A 24 heures du vote décisif qui devra désigner le prochain président de la Banque Africaine de Développement, les spéculations vont bon train. Voici les toutes derniéres news:

-Un rapport sévére sur la gouvernance de la BAD circule dans les coulisses. Oeuvre d’un ancien administrateur sénégalais, le document dont FA a copie revient sur la nécessité de clarifier les rôles au sein de l’institution. La délimitation floue entre les pouvoirs du président et ceux des administrateurs est mis en exergue. Nous y reviendrons.

– Certainement sûr de sa victoire, le nigérian Mr. Adesina s’est fait représenté au premier brief des candidats intervenu le 25 mai. Faux bond peu apprépcié.
-Quant au candidat éthiopien, il est venu à 5 minutes du coup de sifflet final, apparemment peu préparé et confirmant par là l’impression que le public avait de lui durant les caucuns de la Banque Mondiale à Washington où il était le seul absent des huit candidats durant le seul débat télévisé qui a réuni les prétendants.

-Le candidat tchadien Bedoumra Kordje se serait légèrement énervé au cours du premier brief (25 mai) appelant à la révision du mode du scrutin. Notre source, canadienne, parle de «votation».
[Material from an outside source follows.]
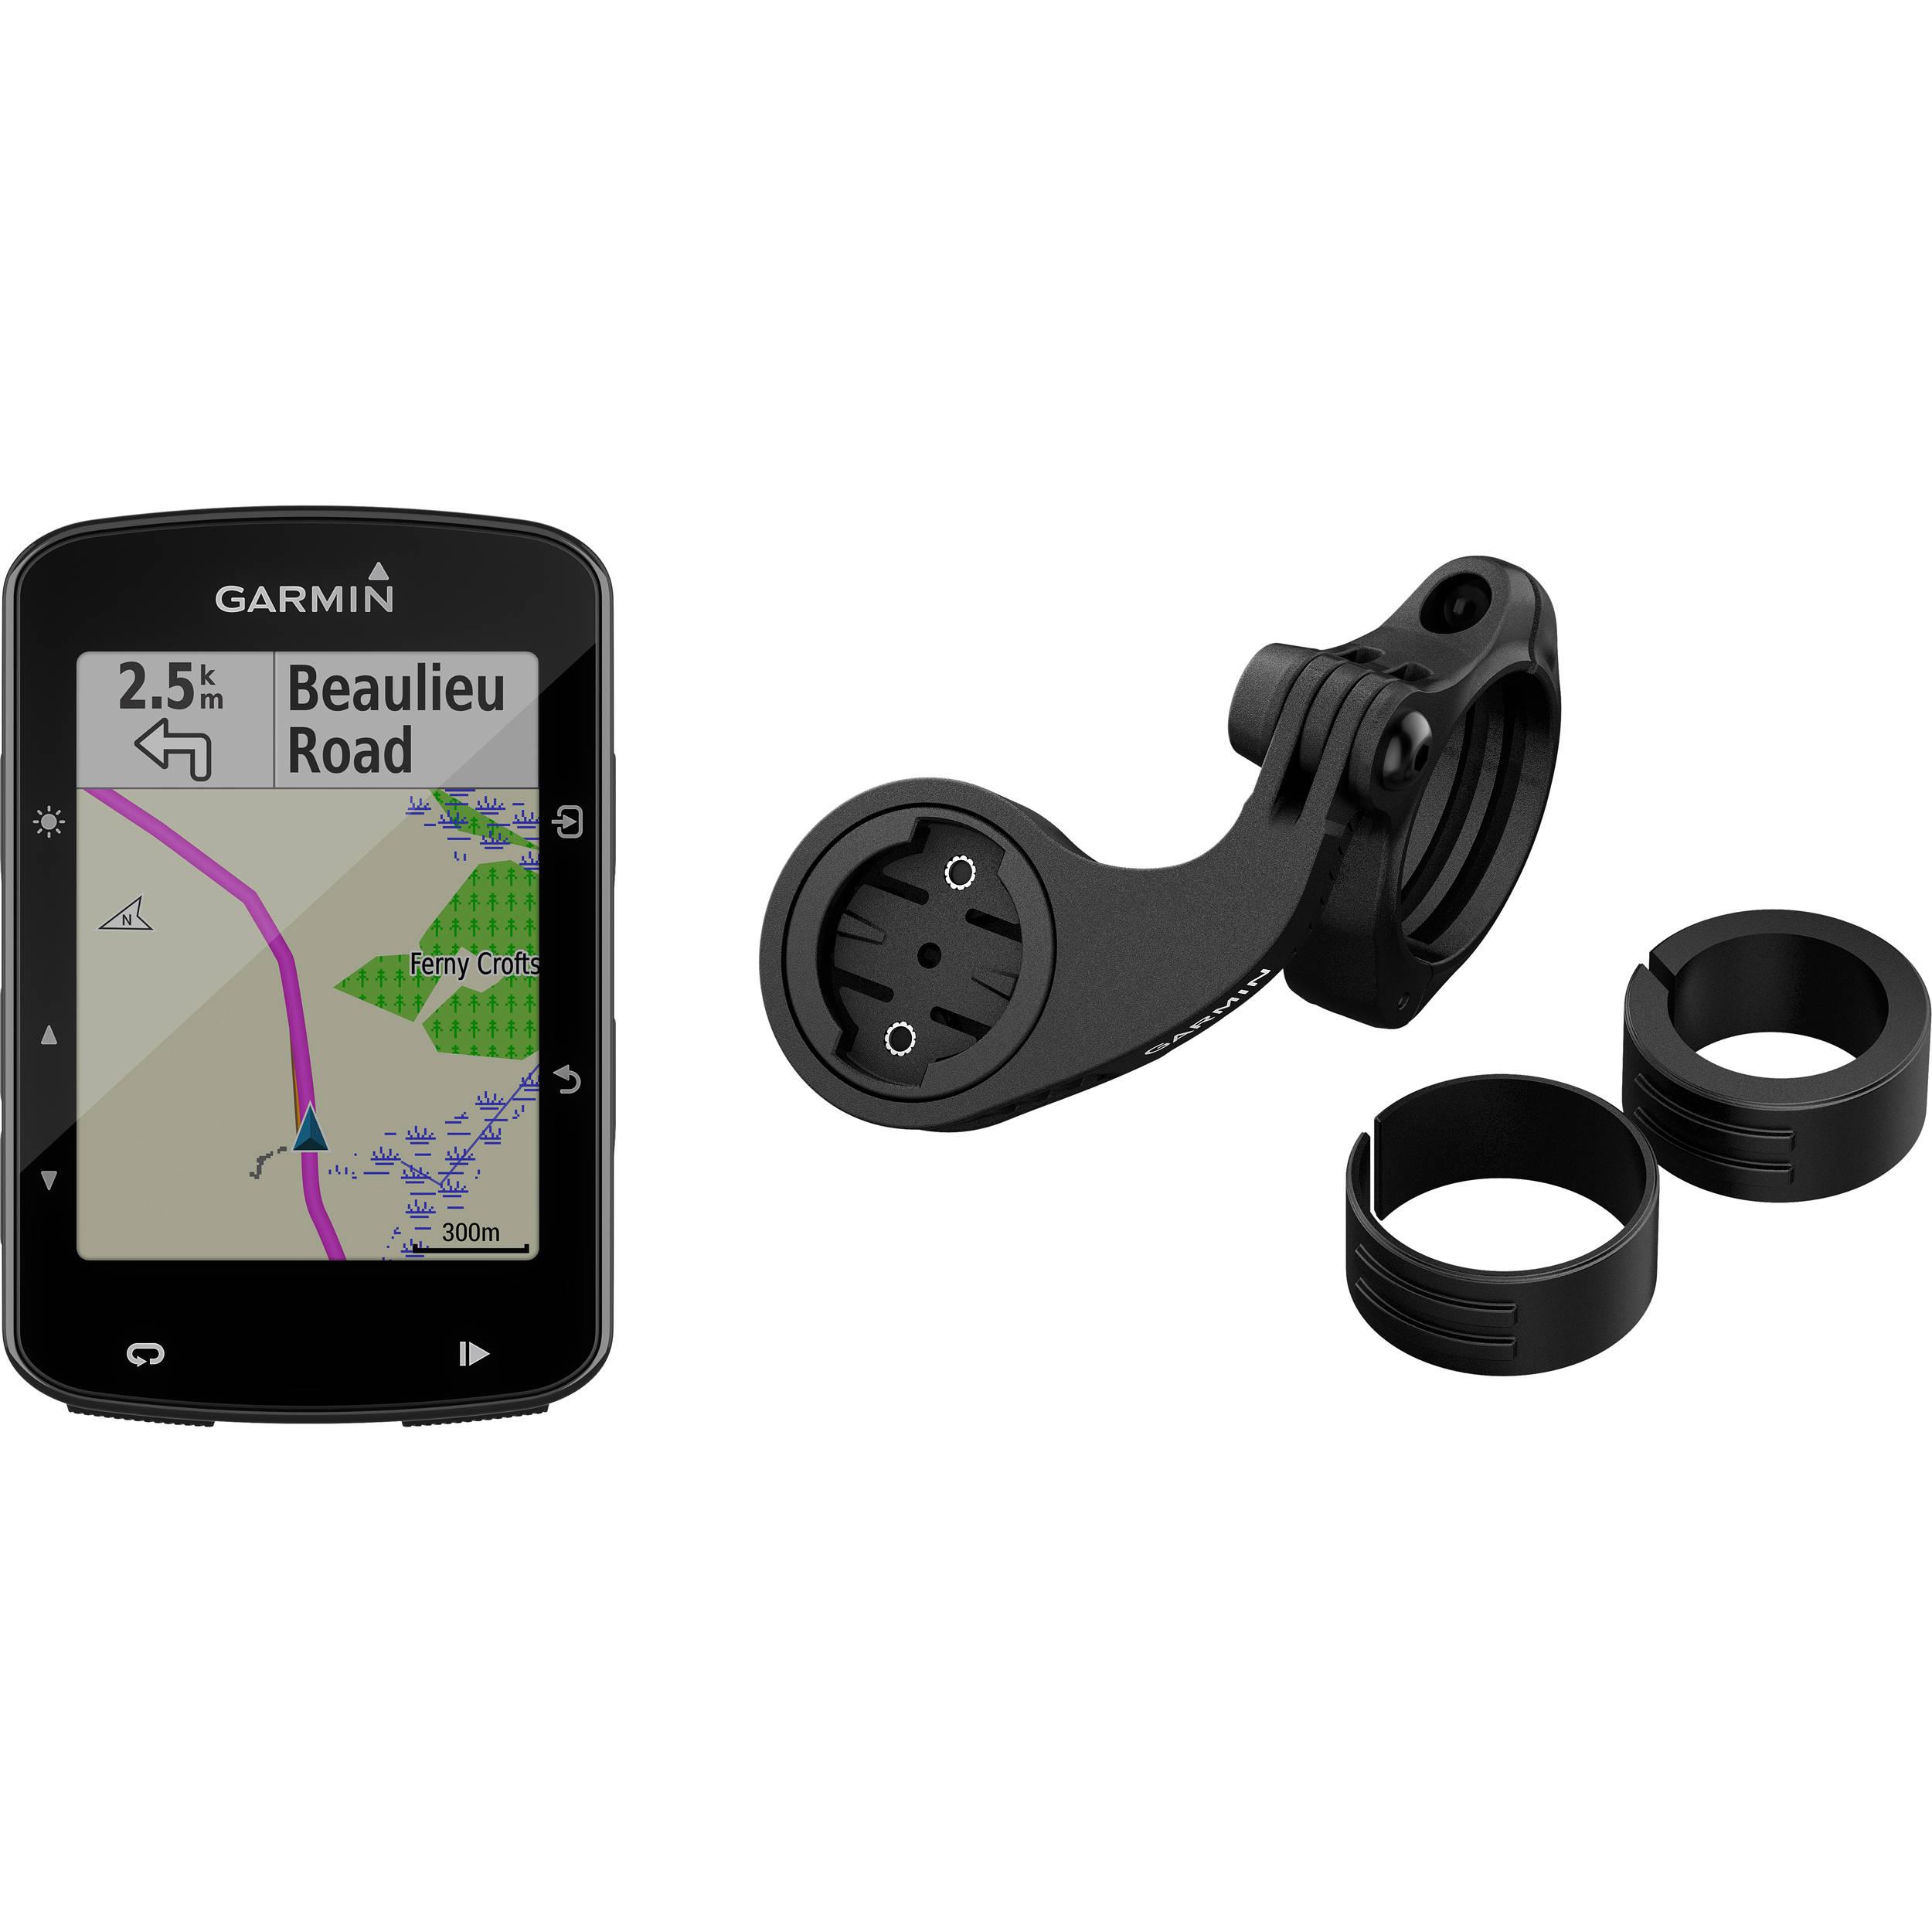 f5c77bbcff5 Garmin Edge 520 Plus GPS/GLONASS Cycling Computer Mountain Bike Bundle

-La Côte d’Ivoire, super-puissance de la CEDEAO, a arrêté son choix et consulté ses alliés de la région.

– La Tunisie fait du forcing auprés de l’Algérie pour la pousser à «réviser» sa position. L’état-major du président Bouteflika s’est entretenu plusieurs fois avec M. Lamtara, super patron de la diplomatie et expert patenté du monde subsaharien en général.

-Le président Al Fattah Sissi de la République Arabe d’Egypte a déjà donné ses consignes. Pour connaître son candidat à la BAD, le visionnage de sa cérémonie d’investiture, boycottée par la plupart des dirigeants de ce monde, est nécessaire.

– Le marocain Mohamed Boussaid, ministre des Finances, a arpenté les couloirs de l’hôtel Ivoire de long en large. Il est venu avec deux choix, un plan A et un plan B.

– La Mauritanie, via ses deux ministres, Ould Djay des Finances et Ould Raïs des Affaires économiques, subit les assauts de plusieurs délégations représentant des candidats. Trait d’union entre le monde arabe et l’Afrique du Nord, Nouakchott est sollicitée pour faire pression sur les maghrébins et les arabes en gènéral.

-La Libye est divisée, partagée entre ses factions. Tobrouk a déjà choisi son candidat.

-L’absence du rwandais Paul Kagamé, invité de cette cérémonie, fait l’objet d’interprétations diverses et variées.

-Le président du Zimbabwe était invisible lors de la cérémonie d’ouverture des 50e assemblées de la BAD. Attendu avec sa casquette de président de l’Union Africaine, Comrad Bob s’est absenté, se drapant dans une neutralité qui honore ses fonctions.

-Zondo Sakala, candidat porté en réalité par l’Afrique du Sud, était jusque-là proche collaborateur de Kaberuka dont il était le directeur des Opérations. Cette proximité sera-t-elle décisive?

-L’ancien président de la BAD, Babacar Ndiaye, a essuyè quelques critiques nourries suite à sa prise de parole improvisée lors de la cérémonie d’ouverture, quand il a appelé à ne pas s’attarder sur le “passif” du bilan, brillant à plus d’un titre, de Donald Kaberuka.